В АНГЛИЙСКИХ КОЛОНИЯХ
В АНГЛИЙСКИХ КОЛОНИЯХ
6 ноября 1877 года в залив Астролябия совершенно случайно зашла английская шхуна «Flower of Jarrow». Так как русский ученый находился на берегу Маклая вместо предположенных шести месяцев уже около семнадцати, а другой случай уехать отсюда вряд ли мог представиться скоро, он решил договориться с капитаном, чтобы тот доставил его в Сингапур, куда направлялась «Flower of Jarrow».
Отъезд был настолько внезапным, что Миклуха-Маклай не успел даже захватить все научные коллекции, собранные им за это время, и поручил туземцам Бонгу оберегать их до его следующего возвращения на берег Маклая. Действительно, когда через семь лет, в 1883 году, русскому ученому пришлось еще раз побывать в этих краях, он нашел все, им оставленное, в целости и сохранности. Туземцы Бонгу берегли его вещи, как зеницу ока. Был даже такой случай: на следующий год после отъезда ученого в залив Астролябия пришла шхуна из Австралии с золотоискателями, привлеченными слухами, что русский ученый нашел здесь богатейшие золотые россыпи. На берегу австралийцы увидели дом Миклухи-Маклая. Запертый на простой висячий, дверной замок, он был в полной сохранности. Один из золотоискателей взялся за замок, пытаясь сорвать его и войти в дом. Но папуасы Бонгу, наблюдавшие за пришельцами, сразу окружили их и знаками объяснили, что дом принадлежит Маклаю и они никого туда не пустят.
Любовь туземцев берега Маклая к русскому путешественнику была так велика, что даже много лет спустя, в девяностые годы, когда северо-восточная Новая Гвинея была захвачена Германией, около селения Бонгу и на острове Били-Били туземцы показывали участки земли, принадлежавшие, по их словам, Миклухе-Маклаю. На острове Били-Били участок земли Миклухи-Маклая находился в очень красивом месте у берега моря, и туземцы долгое время очищали его от лесной поросли, дожидаясь приезда своего друга.
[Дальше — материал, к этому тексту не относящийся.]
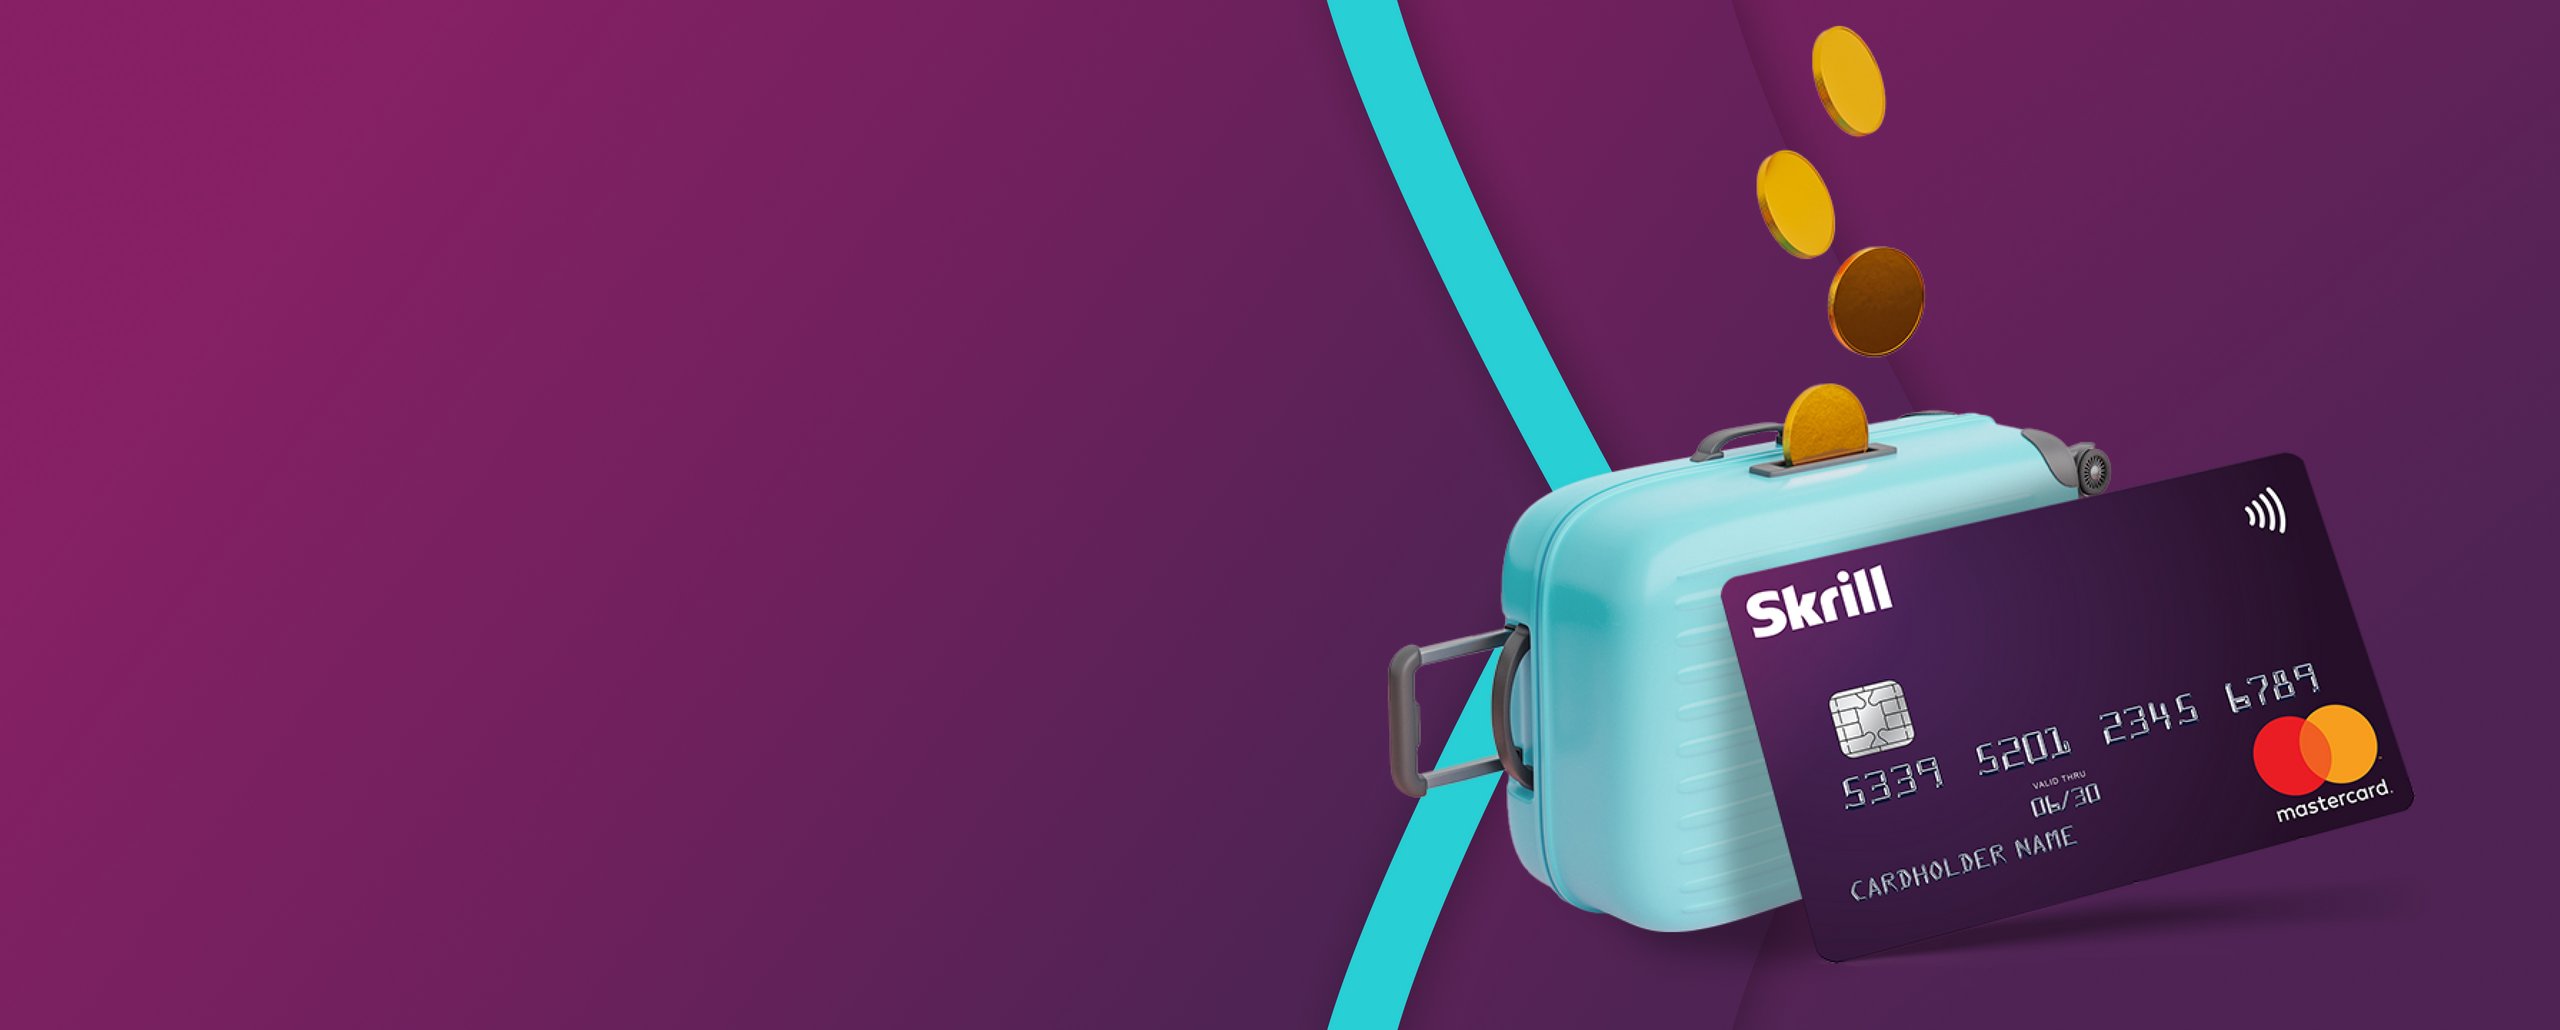 Skrill Prepaid Mastercard with suitcase and money coins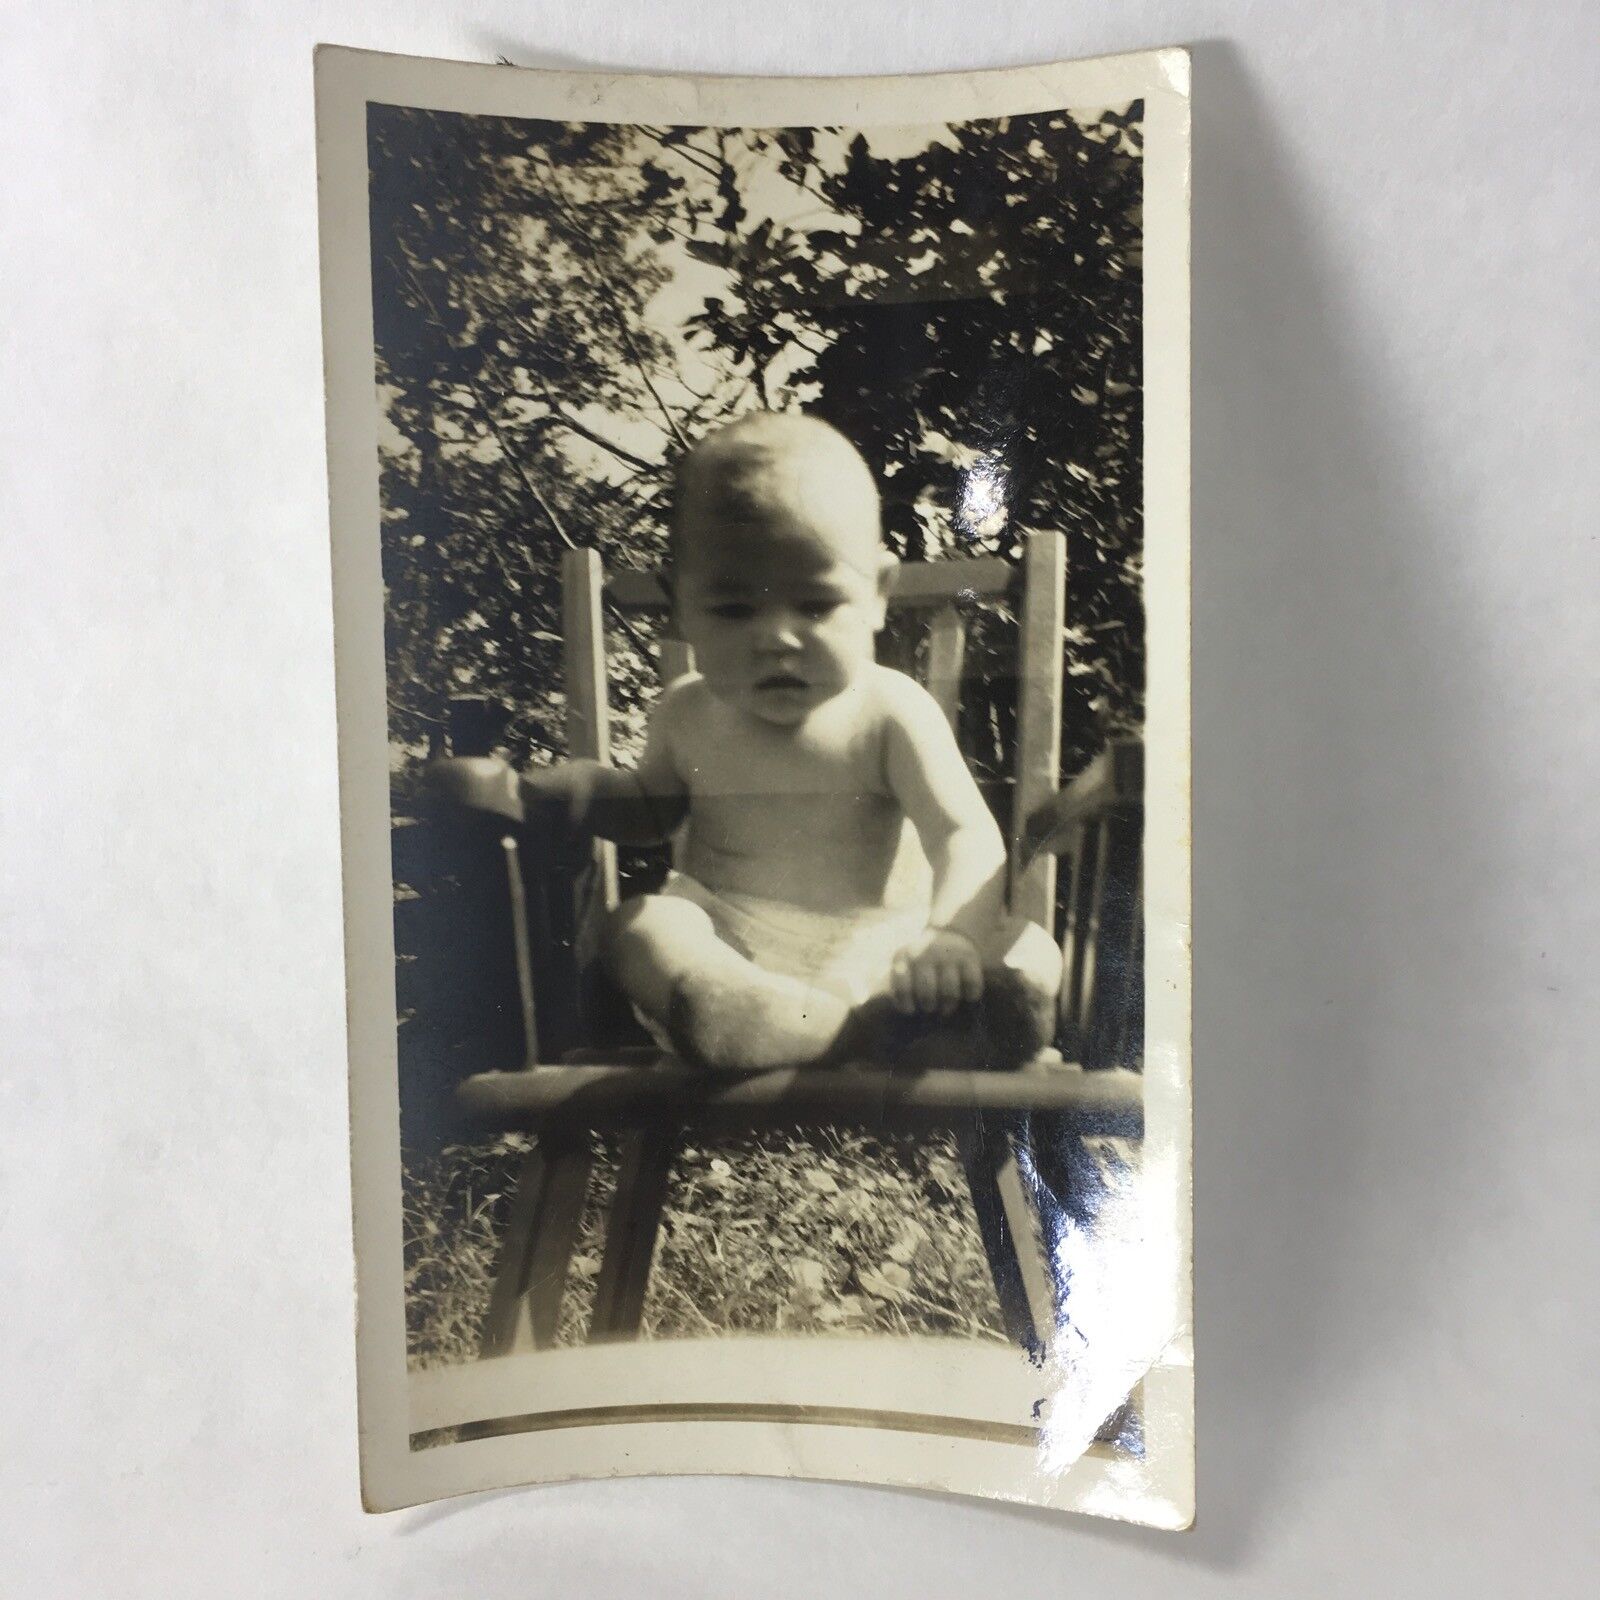 Vtg 1950s Young Baby Boy In Wooden Chair Outside B&W Portrait Photo Photograph

Эта память и уважение к личности русского путешественника тем более замечательны, что островок Били-Били очень мал и густо заселен. Каждый свободный клочок земли представляет там большую ценность.
«Flower of Jarrow», как все европейские коммерческие шхуны, не прямо взяла курс из бухты Астролябия на Сингапур, а по дороге посетила ряд мелких островов, где капитан шхуны выменивал всевозможные туземные изделия на никчемные безделушки или оружие и виски.
Наконец, 19 января 1878 года шхуна бросила якорь на Сингапурском рейде.
Сингапур, что значит «Город львов», приобретен англичанами в 1819 году у джохорского султана. Тогда это было гнездо морских разбойников, населенное всего двадцатью малайскими рыбачьими семьями. За шестьдесят лет, протекших с того времени, все переменилось неузнаваемо. Хотя Миклуха-Маклай уже несколько раз бывал в Сингапуре, он с нетерпением ожидал увидеть этот город, который англичане с гордостью называют «Гибралтаром Востока».
Утром город представился глазам русского ученого, весь залитый лучами яркого солнца, утопающий в зелени, как в зеркале, отражающийся в воде залива, по которому сновали бесчисленные китайские джонки и лодки.
К борту «Flower of Jarrow», как пчелы к цветку, прилепились десятки таких лодок, наполненных всякой всячиной, но более всего фруктами. Груды ананасов, манго, кокосовых орехов отдавались за бесценок. Миклуха-Маклай с удовольствием вглядывался в пеструю толпу сидевших в лодках людей, различая смуглые лица индусов, стройные тела с грациозными движениями и светложелтые полуобнаженные фигуры китайцев.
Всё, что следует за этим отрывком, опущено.